Other than Pathos, King uses ethos to make the reader think that the White people took away the rights of the Black person in the most despicable manner. Candlin et al. (20) define ethos as an appeal to morality or ethics, and it seeks to persuade the reader of the character or the credibility of the persuader. When the Supreme Court of the United States ruled that the Black man was not among the citizens of the U.S, he became a subject to mistreatment after possessing some authority before emancipation. It is true that for a time, while the army of occupation remained in the south and Reconstruction ruled, he had a brief period of eminence and political power. But he was quickly overwhelmed by the white majority (King 119). King implies that the White people were so evil to the extent of cutting off the capacity of the Black population to liberate, decide and respond to their situation. King used ethos to demonstrate how the White community restricted the deliberations of what the Black people did, where they lived, how much they earned, the kind of jobs they would do, and how they would survive. They were robbed of their essential characteristics of human beings. The only resemblance that the Black man had to real life is the motor responses and other features that are akin to people. Their ability to assume responsibility was made a party to a decision in which the Blacks were just a party. The reader can understand how a perceived moral society is immoral to its people. But there is still hope of being liberated through non-violent means.

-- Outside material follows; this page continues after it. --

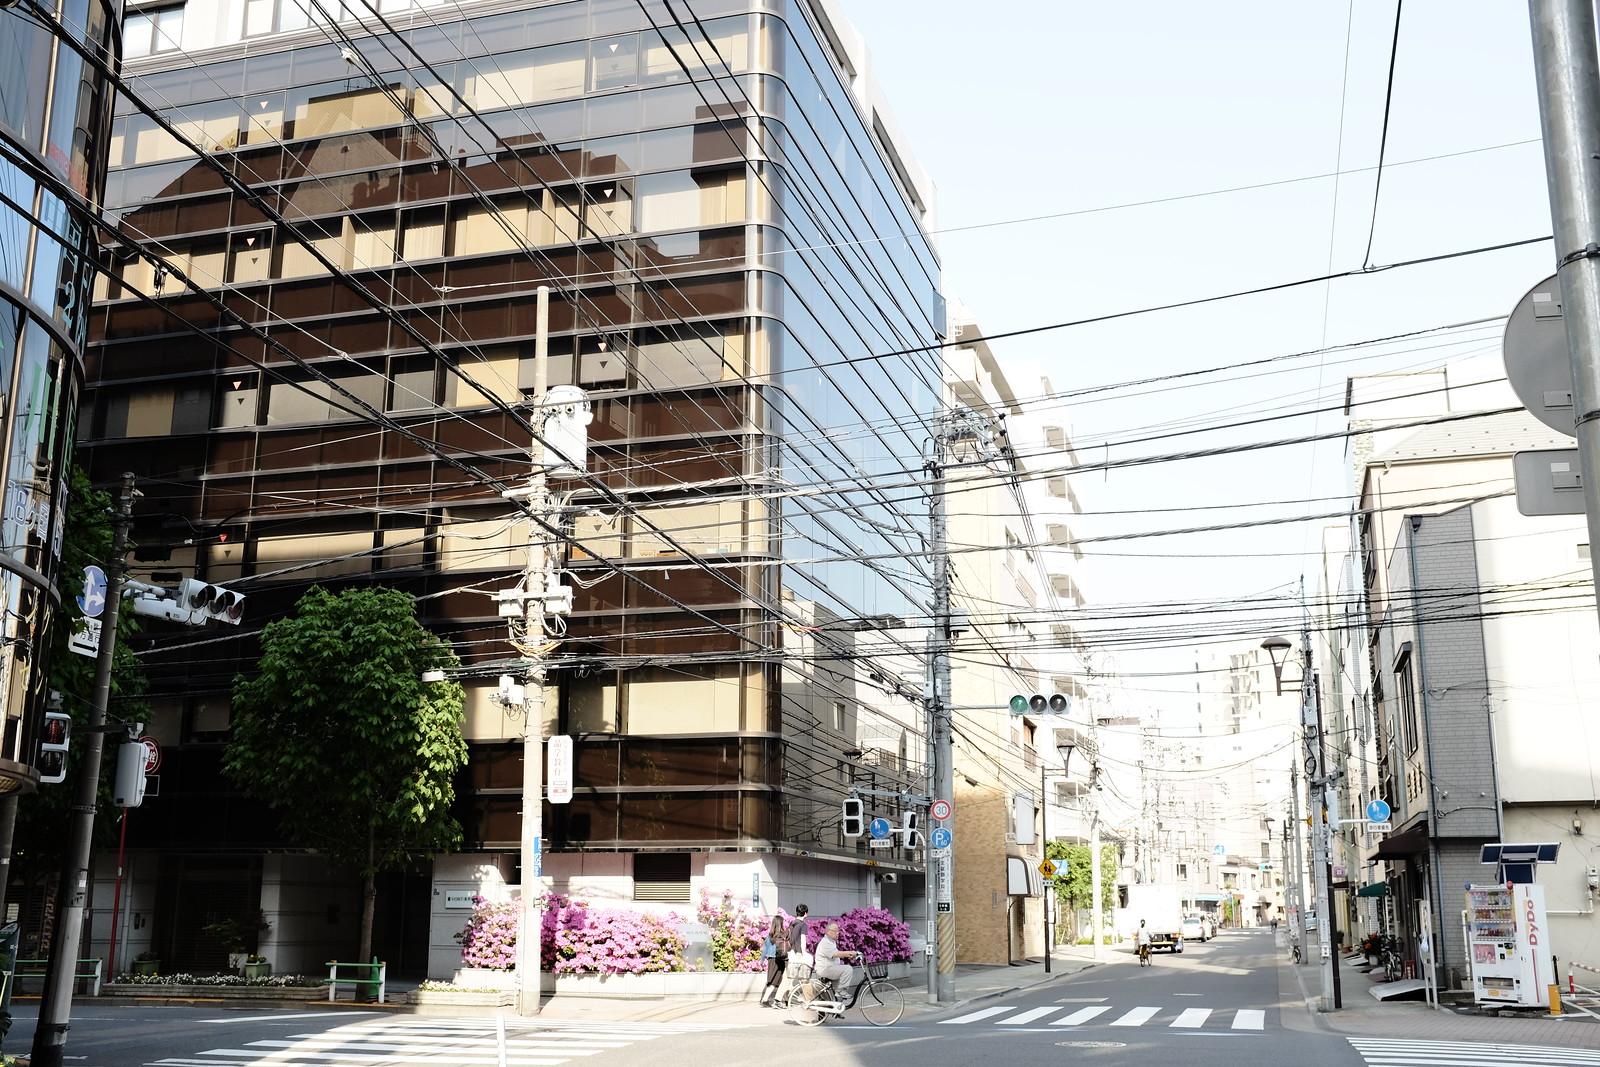 The Akihabara to Kuramae photo by FUJIFILM X100S

To assist in in his rhetoric modes, King utilizes logos to communicate that people should have enough to love rather than hate. As indicated by Candlin et al. (4), logos are the logic behind an argument and supporting evidence. It is a persuasive technique to persuade a reader to a stated point of view. He uses logic as a form of reasoning, and he reasons that each person should understand humanity which helps the reader to relate to being offered a bad check. He says "Along the way of life, someone must have sense enough and morality enough to cut off the chain of hate" (King 121). King implies that by envisioning the morality of love to the focus of human life, the society will be able to love. While offering the alternatives to non-violence means, King effectively uses logos to tell the White Americans why Non-violent ways to seek justice and improved racial conditions than violent means. He persuades the readers how non-violence means have been used in the generation of Mohandas k. Gandhi to free the Indian people from British Empire domination. He continues to support the non-violence method to equality by indicating that it is friendlier since it only opposes the evil and it is passive and uses non-aggressive means in the sense that people are not aggressive and hostile towards their enemies. His persuasion makes the reader understand that the Black people are mindful of others while humanely seeking peace and justice.

In summary, Martin Luther King Jr. wrote Nonviolence and Racial Justice to communicate the choices that the Black Americans have made in their struggle for racial justice, which is the use of non-violence ways. King also illustrates a structure that highlights the plight of the Blacks and their strategies to seek racial desegregation. He manages to convey his ideas through a rhetoric language to inspire an ethnic group that has not given up their struggles for equality and also tries to make the White people bitterly ashamed of their cruel actions towards the Black people. He demonstrates how the Black has chosen the path that does not seek to shame the enemy but to create friendship and understanding. They opt to be non-cooperative to legal laws that degrade them and boycott to awaken a sense of morality in the opponent. Kings efficient utilization of rhetoric devices such as pathos, ethos, and logos to communicate human solidarity reveals the reason why King's piece of writing has been able to gain significant interest in various fields of studies.

Works Cited

Candlin, Christopher N., Peter Crompton, and Basil Hatim. "Logos, Ethos, Pathos, and Logical Fallacies." Equinox Publishing (2015).

Harris, Robert A. Writing with clarity and style: A guide to rhetorical devices for contemporary writers. Taylor & Francis, 2016.

Malcolm, X. "Michael McLean July 18, 2008 APUSH Summer Essay."